0.1. Further reading

   You should probably have a good idea of what Tor does and how it works;
   see the main Tor documentation for more detail.

   If you want full specifications for the data formats and protocols Tor
   uses, see tor-spec.txt, control-spec.txt, and socks-extensions.txt, all of
   which are included with the Tor distribution.

1. Making a program use Tor

   Suppose you have a simple network application, and you want that
   application to send its traffic over Tor.  This is pretty simple to do:
   here's how.

     - Make sure your protocol is stream based.  If you're using TCP, you're
       fine; if you're using UDP or another non-TCP protocol, Tor can't cope
       right now.

     - Make sure that connections are unidirectional.  That is, make sure
       that your protocol can run with one host (the 'originating host' or
       'client') originating all the connections to the other (the
       'responding host' or 'server').  If the responding host has to open
       TCP connections back to the originating host, it won't be able to do
       so when the originating host is anonymous.

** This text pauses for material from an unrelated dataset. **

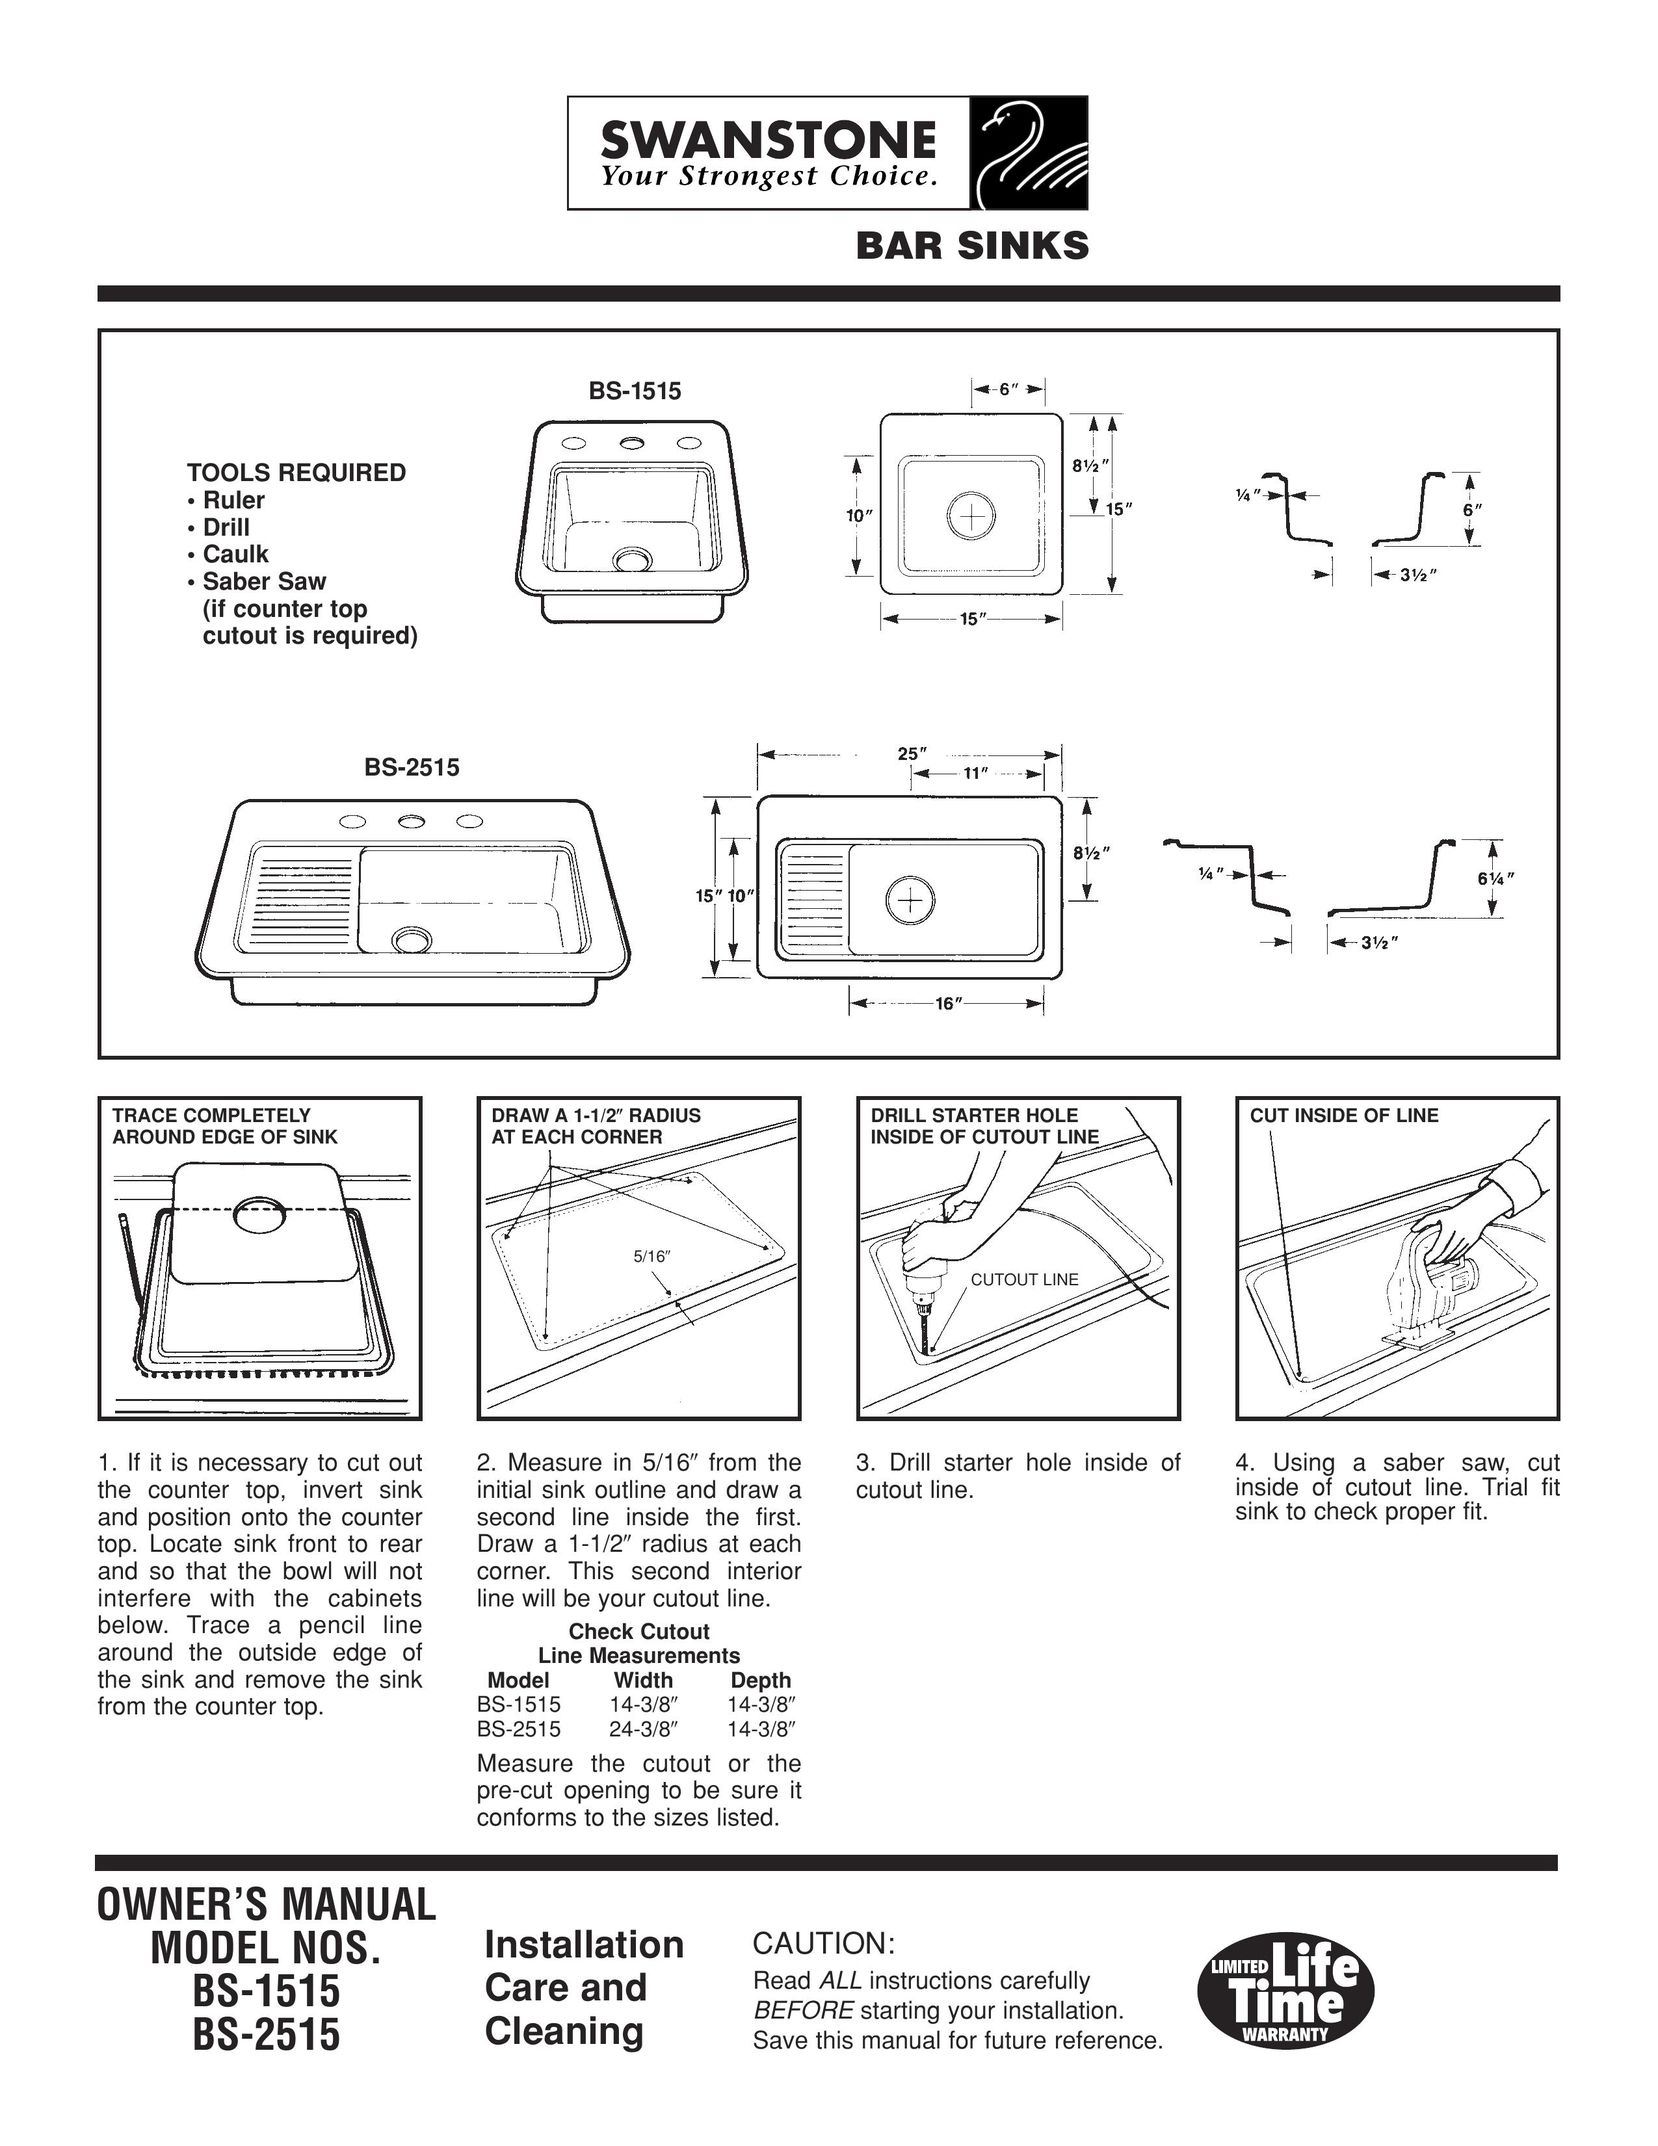 The Swan Corporation BS-2515 Indoor Furnishings User Manual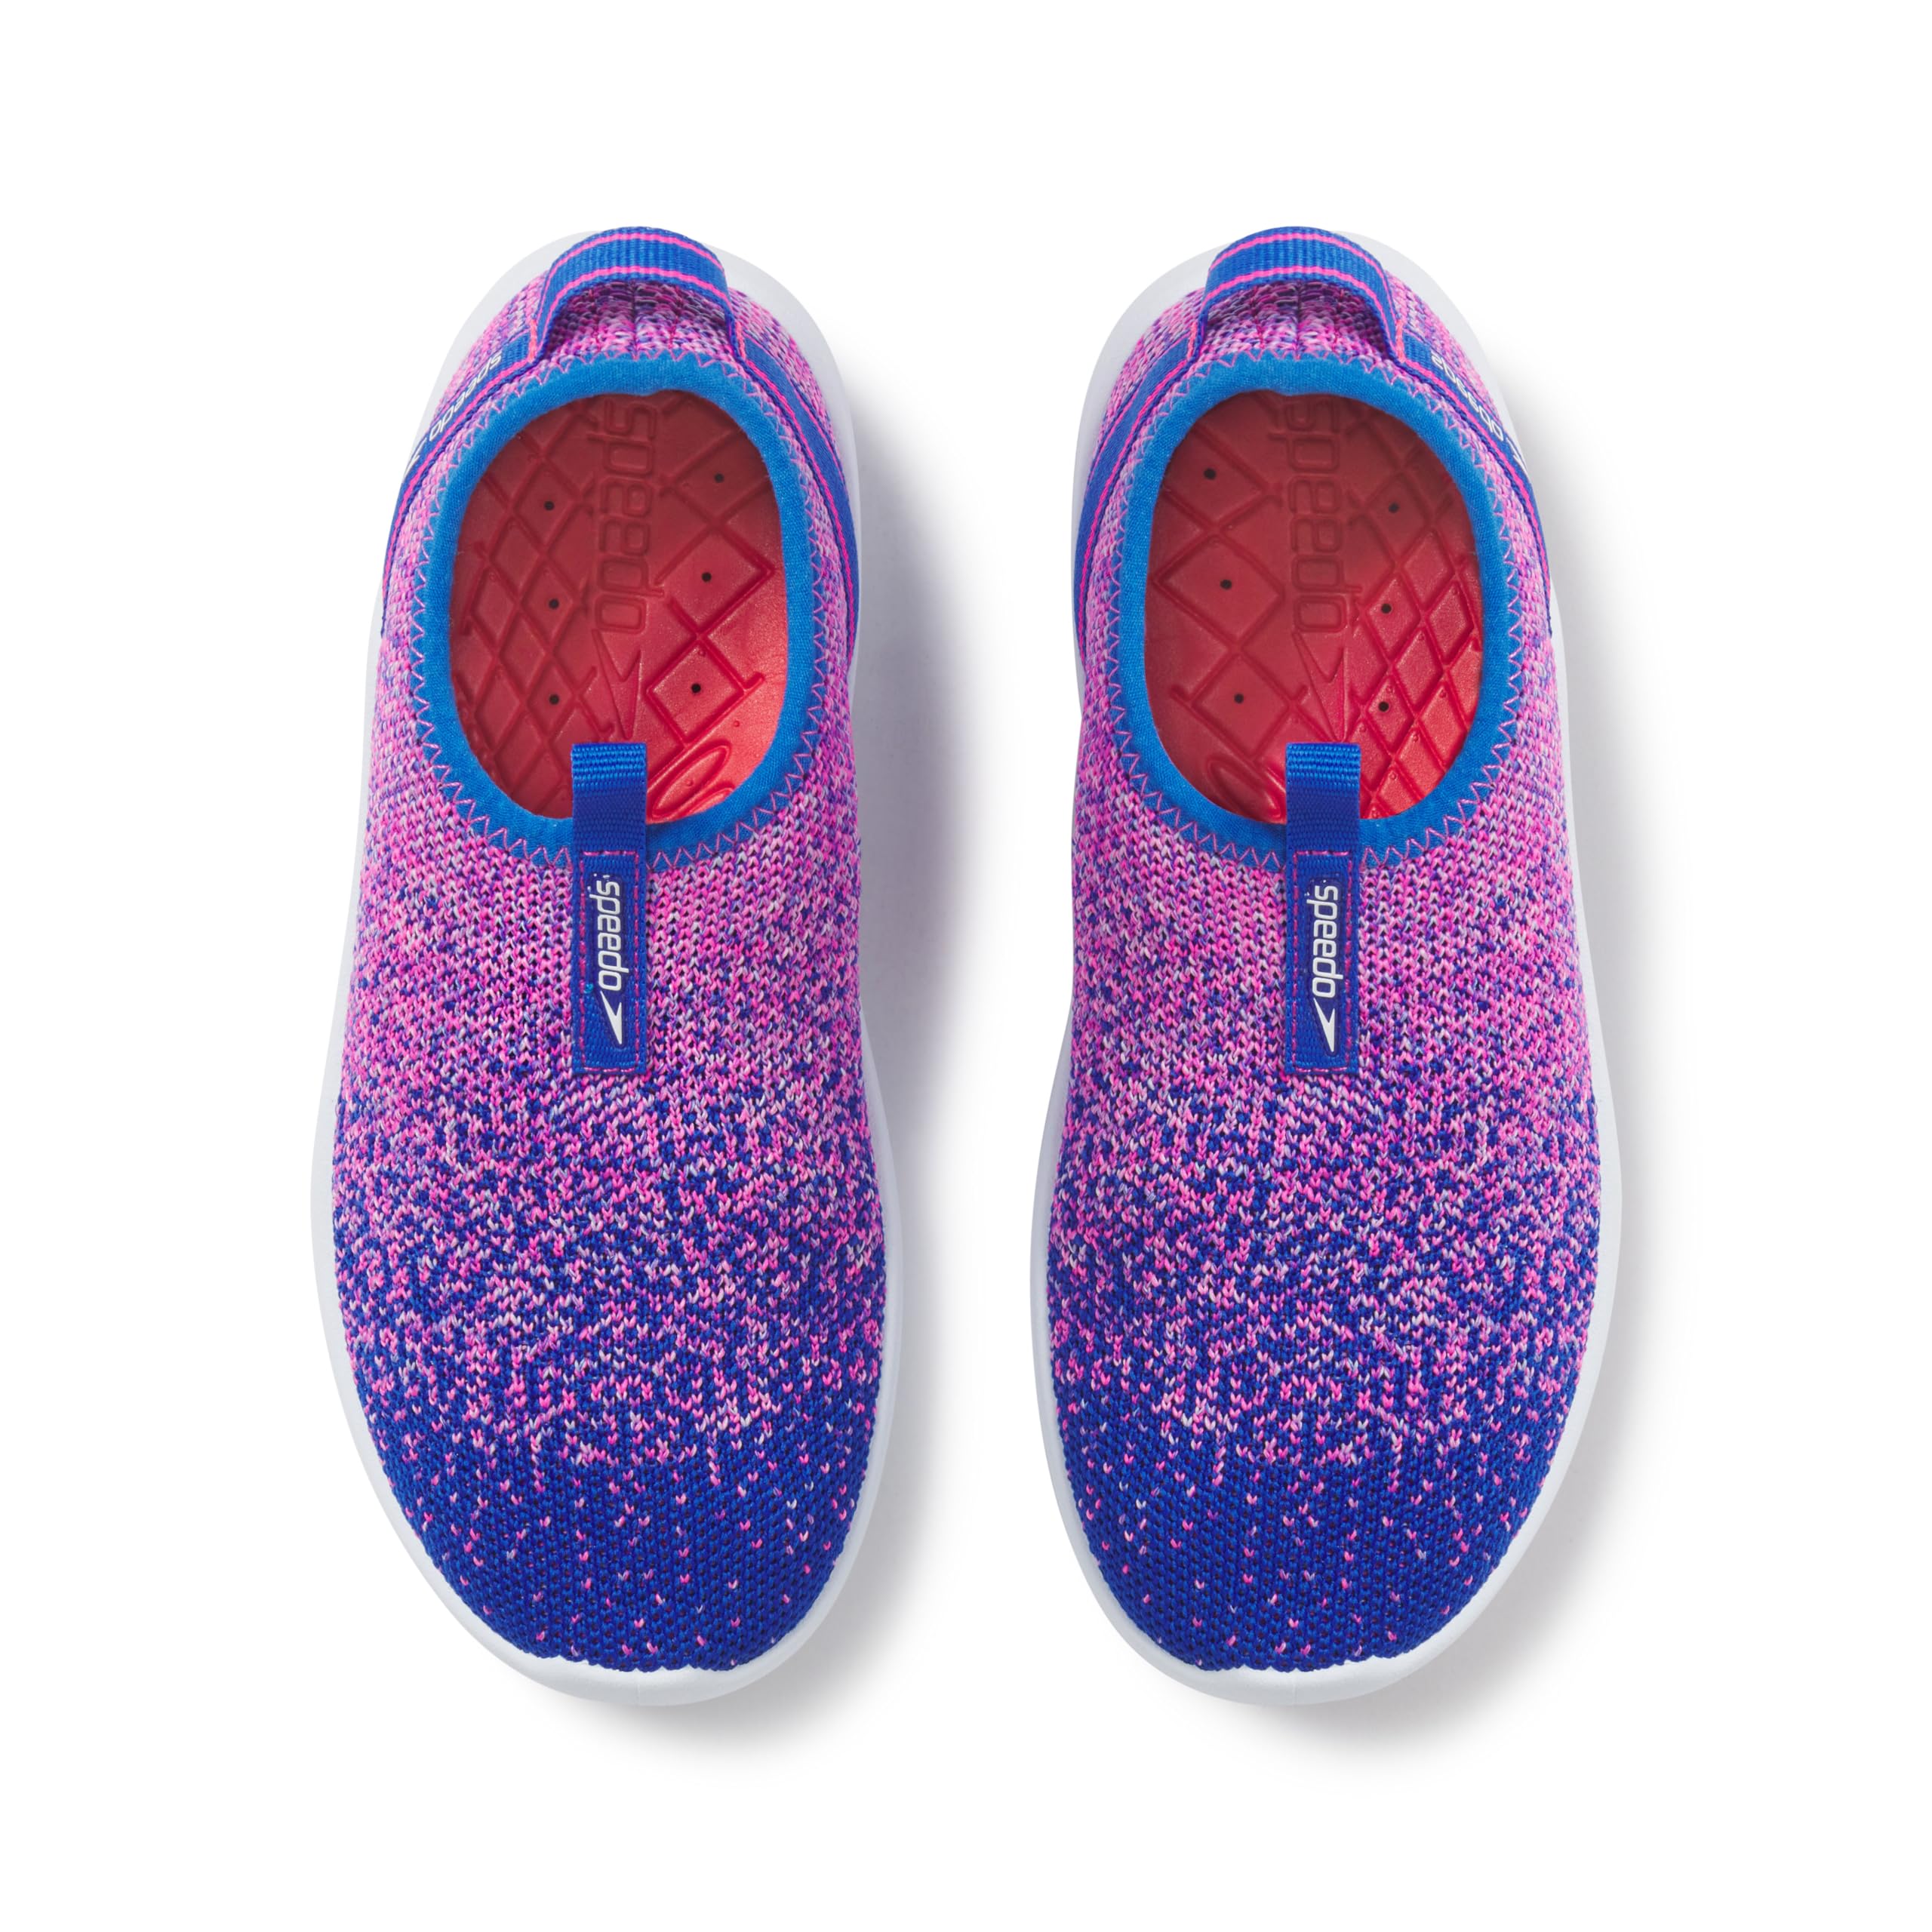 Speedo Water Shoe Surfknit Pro Kids, Turkish Sea/Flare Pink, 1 US Unisex Big

     - For anonymous clients: Get your program to support SOCKS4a or SOCKS5
       with hostnames.  Right now, when your clients open a connection, they
       probably do a two step process of:
         * Resolve the server's hostname to an IP address.
         * Connect to the server.
       Instead, make sure that they can:
         * Connect to a local SOCKS proxy.
         * Tell the SOCKS proxy about the server's hostname and port.
           In SOCKS4a, this is done by sending these bytes, in order:
             0x04                 (socks version)
             0x01                 (connect)
             PORT                 (two bytes, most signficant byte first)
             0x00 0x00 0x00 0x01  (fake IP address: tells proxy to use
                                   SOCKS4a)
             0x00                 (empty username field)
             HOSTNAME             (target hostname)
             0x00                 (marks the end of the hostname field)
         * Wait for the SOCKS proxy to connect to the server.
           In SOCKS4a, it will reply with these bytes in order:
             0x00                 (response version)
             STATUS               (0x5A means success; other values mean
                                   failure)
             PORT                 (not set)
             ADDRESS              (not set)

     - For hidden services: Make sure that your program can be configured to
       accept connections from the local host only.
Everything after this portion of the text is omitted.